It was in 1999 when "The Rocket" landed in New York and found himself in pinstripes. During his time as a Yankee, he accomplished a plethora of feats. He won his first World Series on Oct. 27, 1999, won another ring on Oct. 26, 2000, and won his sixth Cy Young award in 2001, going 20-3 and leading the league in ERA with 2.65.
Clemens also won his 300th game and recorded his 4,000th career strikeout on the same night, June 13, 2003 against the St. Louis Cardinals in front of the Yankee fans in the Bronx. On top of all his accolades as a Yankee, Clemens has appeared in two All-Star games in pinstripes, and even started the game for the American League in 2001's mid-summer classic.
After his so-called "retirement" at the conclusion of the 2003 campaign, Clemens shocked the Yankees by signing with the Houston Astros, where he played for the 2004-2006 campaigns.
Finally in 2007, the Yankees lured him back, and he responded from George Steinbrenner's luxury booth on May 6, 2007. "They came and got me out of Texas...I'll be talking to you real soon," he said to the capacity crowd at the Stadium. Clemens made his return on June 10, 2007, defeating the Pittsburgh Pirates at home.
At the end of the 2007 season, Clemens did not find himself with a World Series ring, but with a 6-6 record and an elevated 4.18 ERA...and found himself in a bind.
Allegations came out in MLB's Mitchell Report in Dec. 2007 claiming that Clemens used anabolic steroids, was injected by his trainer Brian McNamee, and had been using steroids during the 1998, 2000, and 2001 seasons. Practically overnight, Clemens's spotless, future Hall of Fame resume went right down the tube.
Clemens denied the allegations vehemently. In Jan. of 2008, Clemens appeared on the show 60 Minutes and spoke to host Mike Wallace in an interview. In the interview, he stated that his success in the game of baseball came from hard work, not steroids.

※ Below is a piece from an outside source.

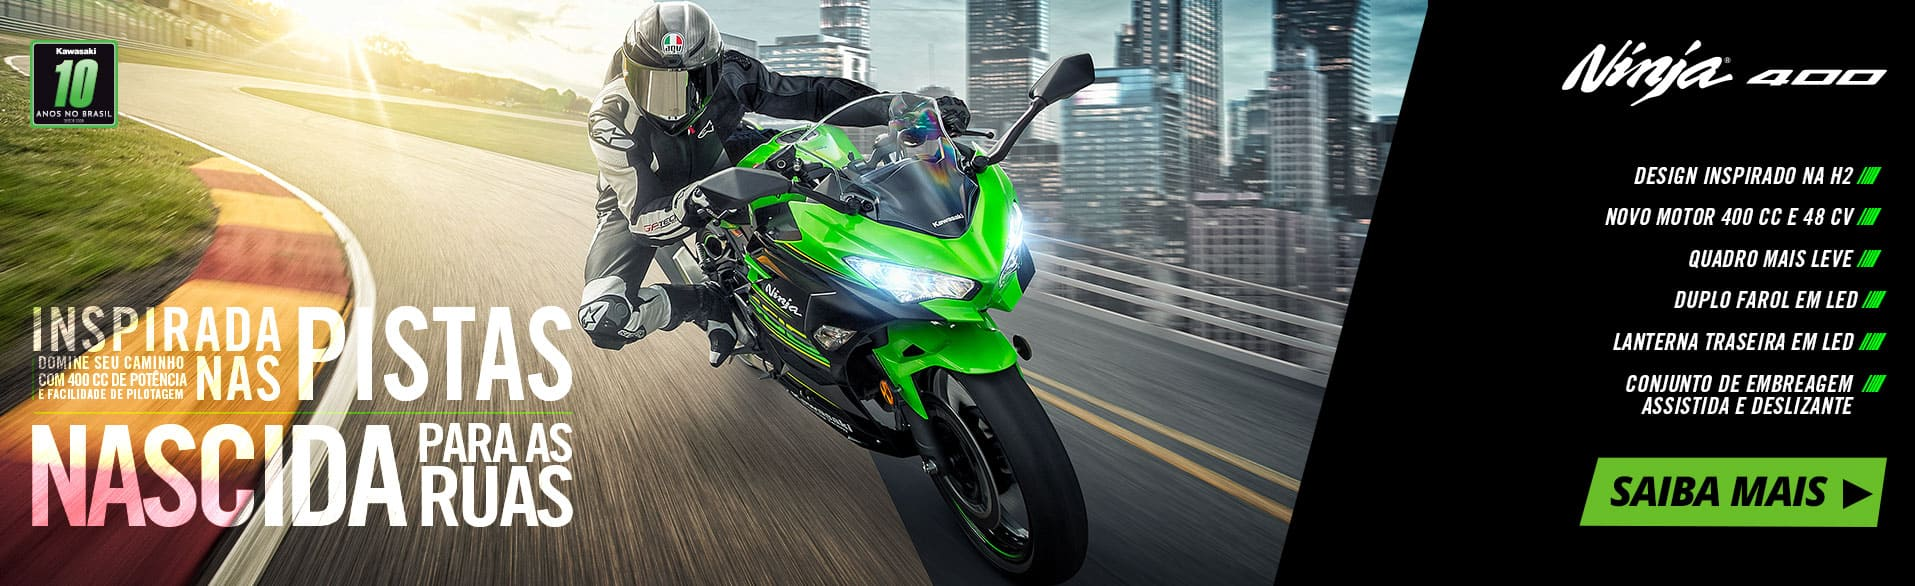 Ninja 400 – Inspirada nas pistas nascida para as ruas

The next month, Clemens and McNamee appeared before a Congressional Committee. Clemens swore under oath that he did not take steroids or HGH. Clemens and McNamee nearly split the committee in half. Some representatives believed Clemens was a liar, and the others felt McNamee was lying.
The questions that the fans and media still face to this day are, did Clemens take steroids? Did he cheat during some of his best years? The National Baseball Hall of Fame has banished Pete Rose for life because he bet on baseball. Will the Hall of Fame banish Clemens for his alleged steroid and HGH usage?
The answers: We may never know for sure. Clemens has said that he does not care what people believe anymore, he does not care about the Hall of Fame, and his numbers speak for themselves.
If nobody else recognizes Clemens's accolades, would the Yankees step in and reward Clemens for his service? I would think there is a chance. It might not be for years and years, after time has healed Clemens's wounds.
The Yankees are a classy organization, known for extending olive branches. The Yankees also believe in second chances. Yogi Berra, one of the most respected and beloved Yankees of all-time, had a falling out with Steinbrenner years ago. Despite their differences, they mended their fences and the Yankees welcomed him back with open arms.
Clemens played six years in the Bronx, and secured an 83-42 record while playing for the Yankees. Reggie Jackson, a Yankee for five years, had his number retired in monument park in 1993, some 12 years after he left the Bronx. Jackson however, has not been accused of steroid usage.
Paul O'Neill's number will most likely be retired. LaTroy Hawkins tried on the number 21 during the 2008 campaign, and the Yankee fans would not have it. No one else will be able to put on that number without the Yankee fans hounding them.
Bernie Williams' number will most likely be retired because of his faithful service, impressive numbers, and post-season home run count. 20, 21, or maybe even 22 years from now, will Clemens, the man who was once regarded as the greatest pitcher of our era, join them? Perhaps. Perhaps not.